A University of Alberta professor says “new math” should get a fair chance when school resumes in the fall.
Lynn McGarvey, a professor with the department of elementary education, said the inquiry-based math methods that have been heavily criticized by parents could yield positive long-term results.
“What the parents are seeing in their children’s homework activities, especially in Grades 1, 2 and 3, are really focusing on the understanding side,” she said. “So even though they might be problem solving in different ways, it’s trying to help children understand mathematics better. And if they understand it better, then that recall will come a lot easier in the long run.”
McGarvey pores through research on education and teaches other educators how to teach math to kids.
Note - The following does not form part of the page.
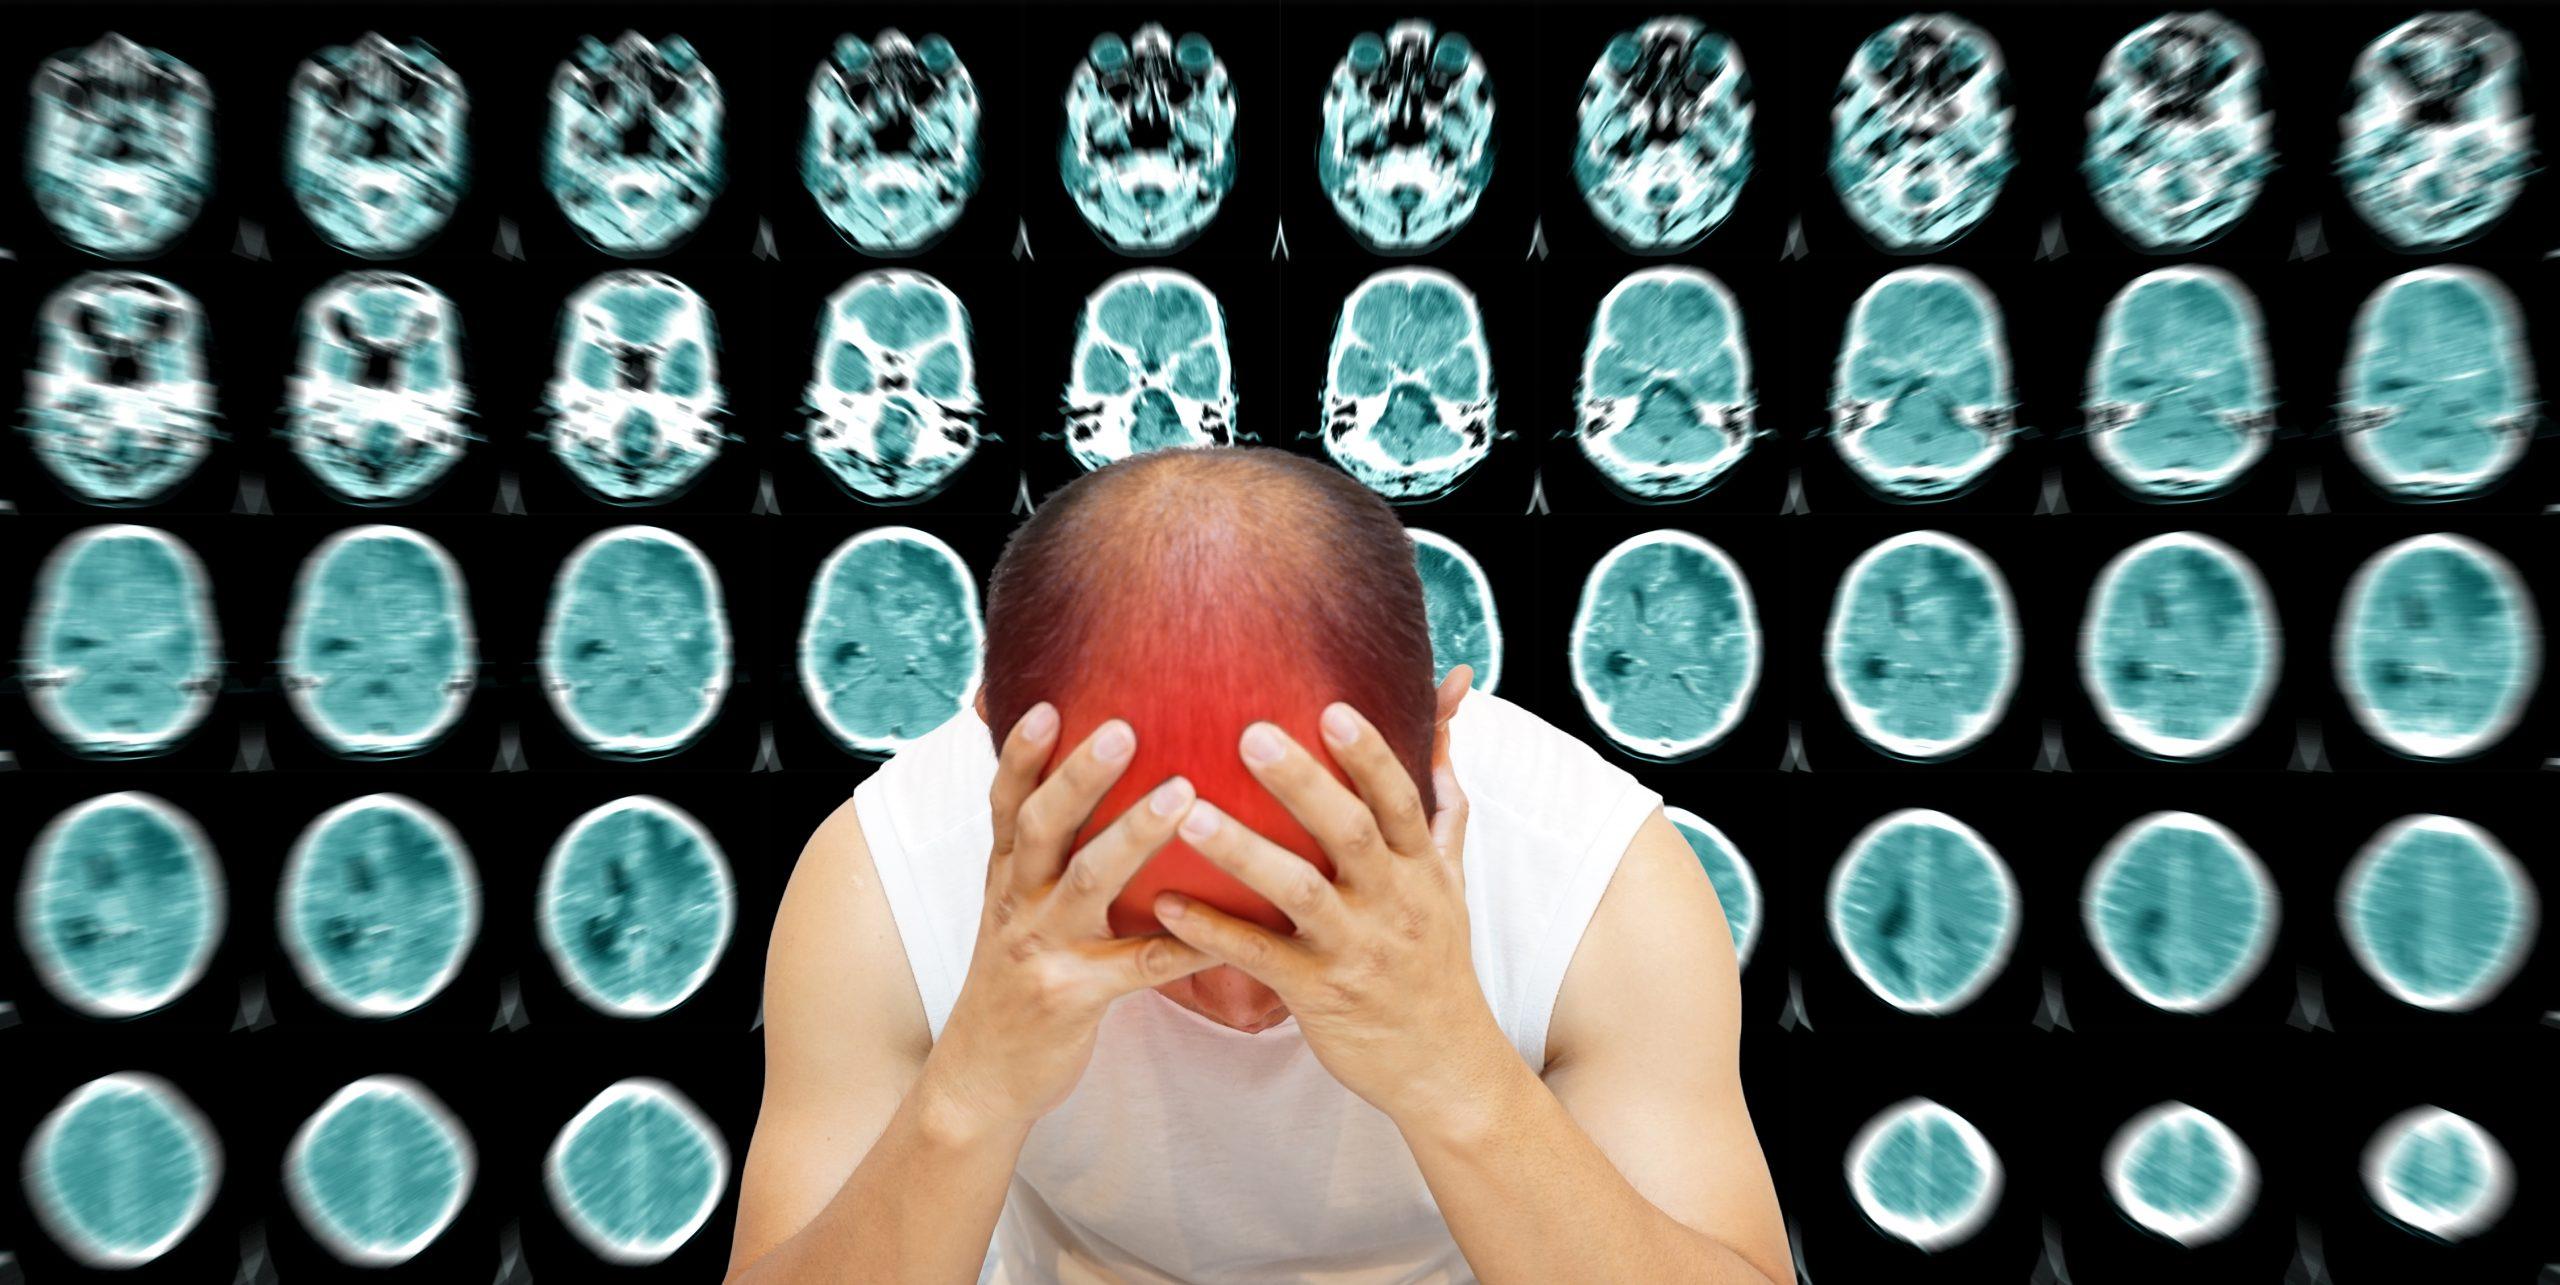 Muž trpící bolestí hlavy z důvodu meningokokové nákazy.

She said research shows that drilling facts with flash cards and recitation does not always work, and that many adults do not have efficient recall when it comes to multiplication and division. The inquiry-based method aims to help children solve problems in a variety of different ways in early grades to foster a deeper understanding that may lead to a greater appreciation for math later in life.
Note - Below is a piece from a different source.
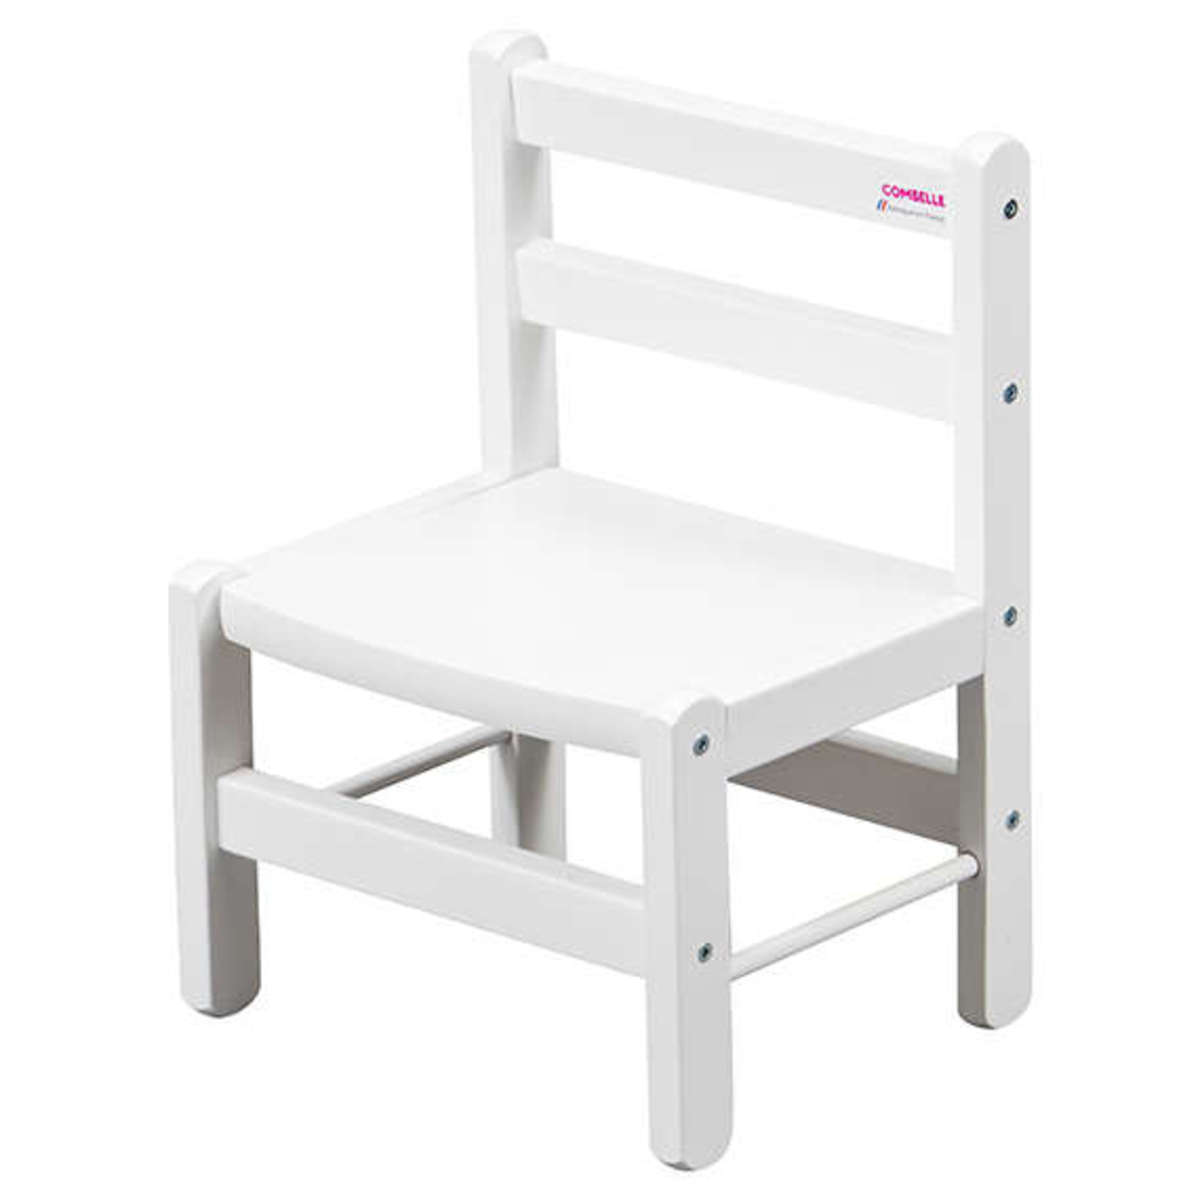 chaise enfant laqu blanc 921c achat vente table. Black Bedroom Furniture Sets. Home Design Ideas

“For a hundred years we’ve known that just drilling facts is not very effective for a large number of children,” she said.
McGarvey said the fact that so many adults are not proficient in math is evidence that the old methods could be improved upon.
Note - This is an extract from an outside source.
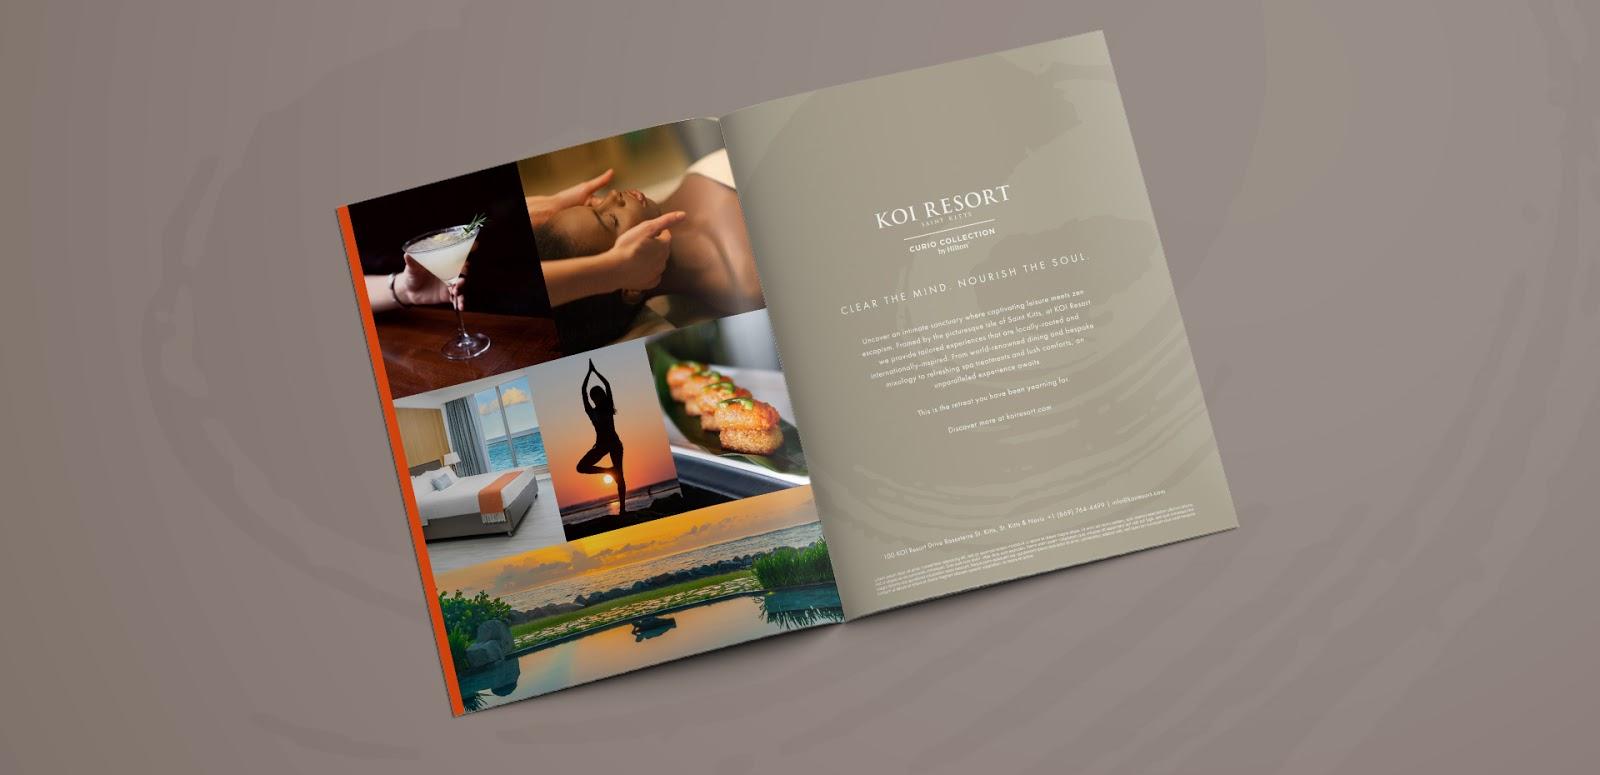 Koi Resort - The Brand Collective 1

“A lot of adults say that they’re not very good at math, or they don’t like math, or they don’t have a math brain – all those sorts of things,” McGarvey said.
“I think the assumption is that just a memorized answer is the best, but we know that a lot of adults don’t have those things memorized.”
She said it’s important for educators to communicate better with parents, and said resources should be available to parents to clearly explain the principals of inquiry-based math.
“I think everybody wants the same things.”
In April, protesters at the Alberta Legislature blasted Alberta Education for moving away from traditional “basic” math instruction in favour of an inquiry-based system that was outlined by the Western and Northern Canadian Protocol and touted in Alberta’s 2009 Inspiring Education initiative.
Alberta Education is in the midst of a two-year curriculum redesign.